# Home Processing/Printing of B&W Film



## BTilson (Jan 22, 2009)

This is apparently relatively easy to do, and very satisfying, but I've been unable to find any info on this that is geared toward someone who has absolutely no idea where to begin. Everything I've found has been instructions on setting up a full darkroom, etc etc, with a comment at the end to the effect of, "Of course, you could go simple and just process your B&W film. It's super easy and satisfying!" but then they don't really go into any details.

I'd love to give this a try, so does anyone have any links or info on how to "easily" do this at home, geared toward a COMPLETE beginner? I'd love to get into shooting some MF/LF B&W film, but the lack of any reasonably local labs, and my paranoia about mail order leaves me with the only option of doing it myself.

I'd really appreciate any help or info!

Thanks!


----------



## compur (Jan 22, 2009)

You don't need a darkroom to process film but you will need some things.
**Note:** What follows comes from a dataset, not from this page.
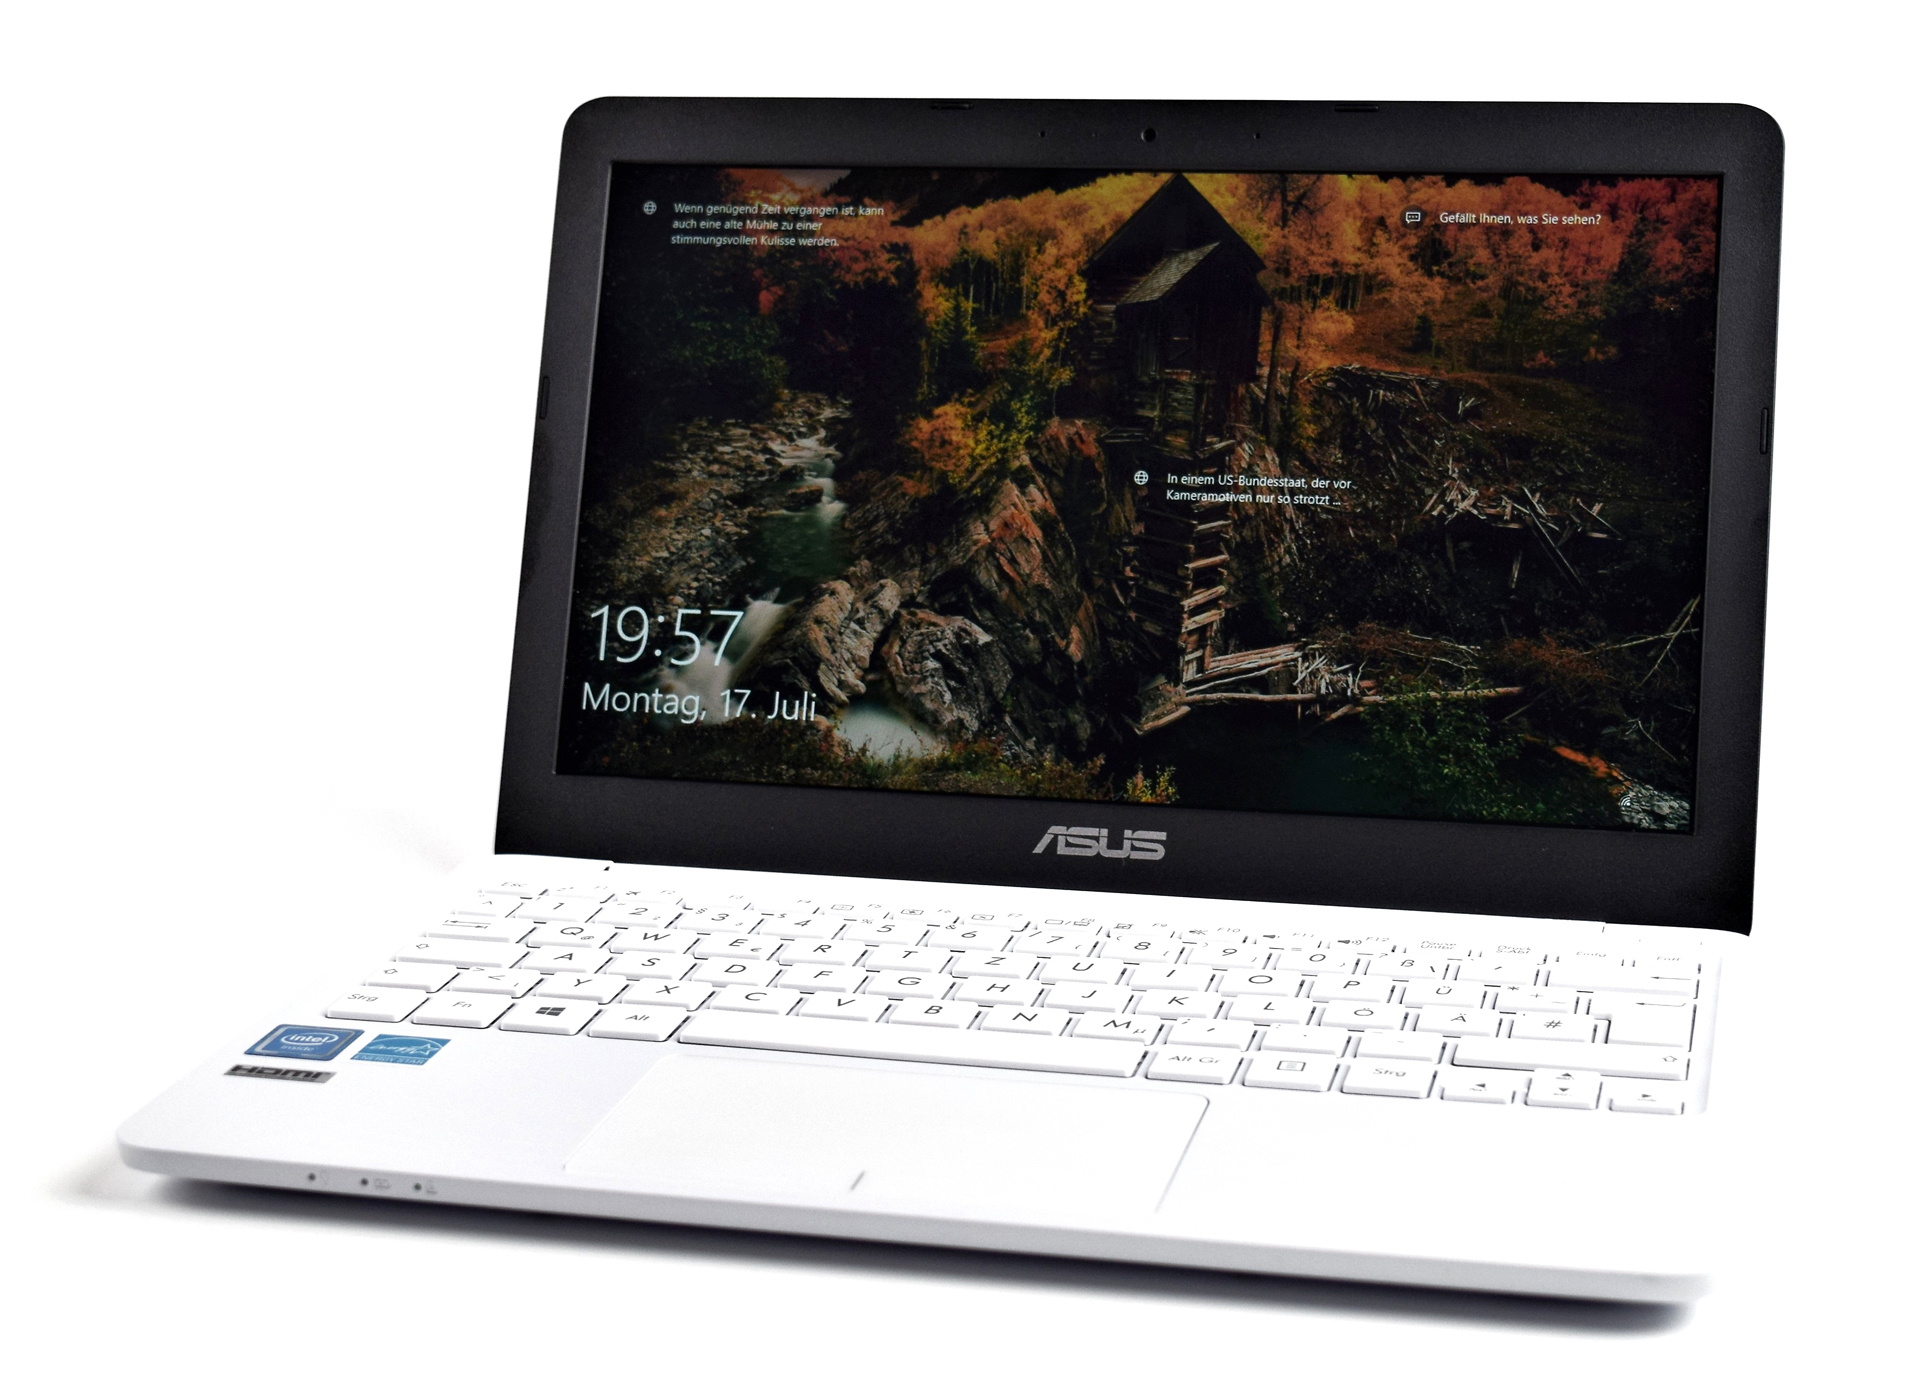 Asus VivoBook E200HA (x5-Z8350, 32 GB) Subnotebook Review

Once processed, the negatives/positives can be either scanned with a 
film scanner and printed digitally or printed in the traditional manner
via optical projection with an enlarger, etc. in a darkroom.
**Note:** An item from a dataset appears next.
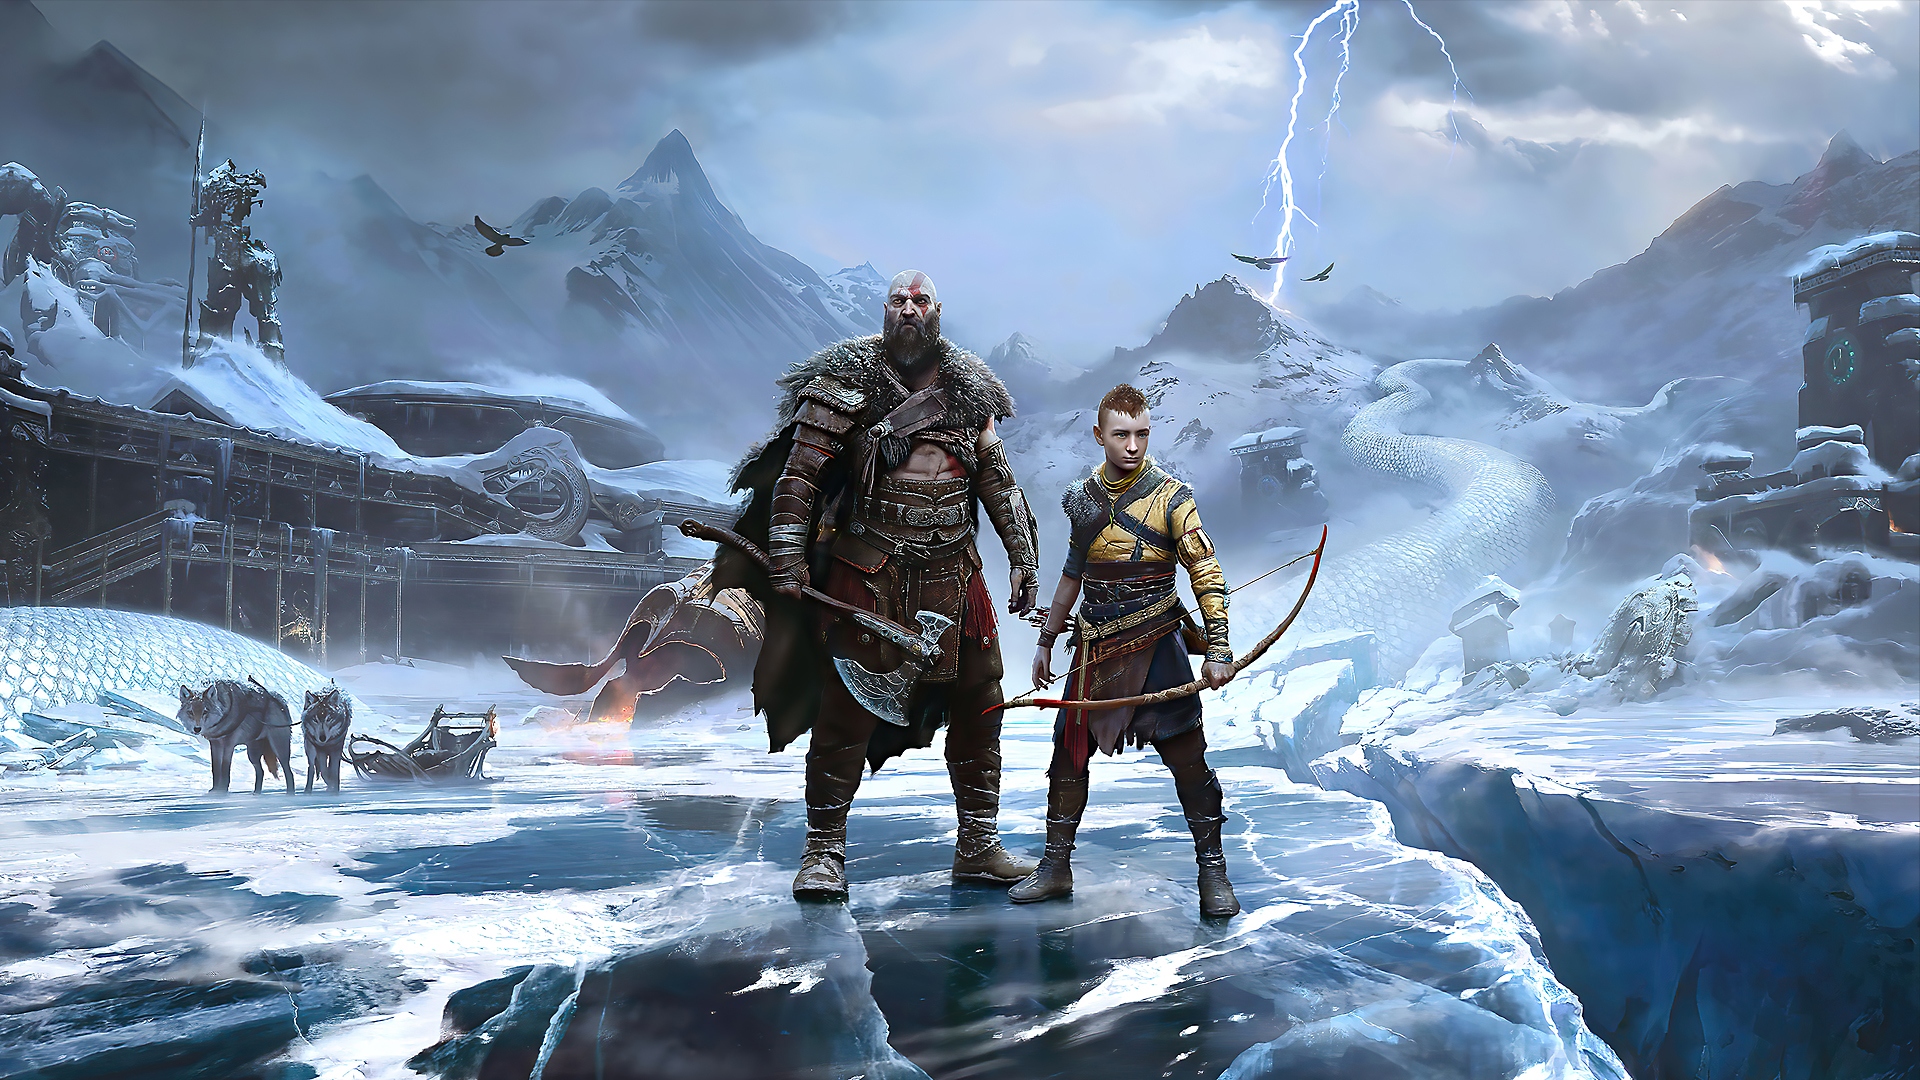 God of War: Ragnarök PlayStation Showcase 2021 trailer

There's lots of tutorial info on developing your own film available on the
web for beginners.

Such as:
Develop b/w film at home 1 (Photography Tutorials) Â· street photography New York in black and white : urban views Â· New York photographs by Markus Hartel


----------



## ann (Jan 22, 2009)

try this site as well

ILFORD PHOTO - Developing Black & White Film


----------



## Torus34 (Jan 22, 2009)

You can find a series of articles right here on TPF.


----------



## bhop (Jan 22, 2009)

see my post here regarding startup supplies
http://www.thephotoforum.com/forum/1218934-post7.html

I paid about 75-80 bucks for the stuff I needed to start processing b&w (already had a film scanner)

Once you do it and discover how easy it actually is, you'll wonder why you never tried it before.  In fact, it's so easy, It gave me the confidence to try color c41 processing myself with successful results.


----------



## christopher walrath (Jan 22, 2009)

In the Darkroom section there is a 'Process your own film' sticky type thread with about 40 responses from TPFers (myself included) to get you pointed in the right direction.


----------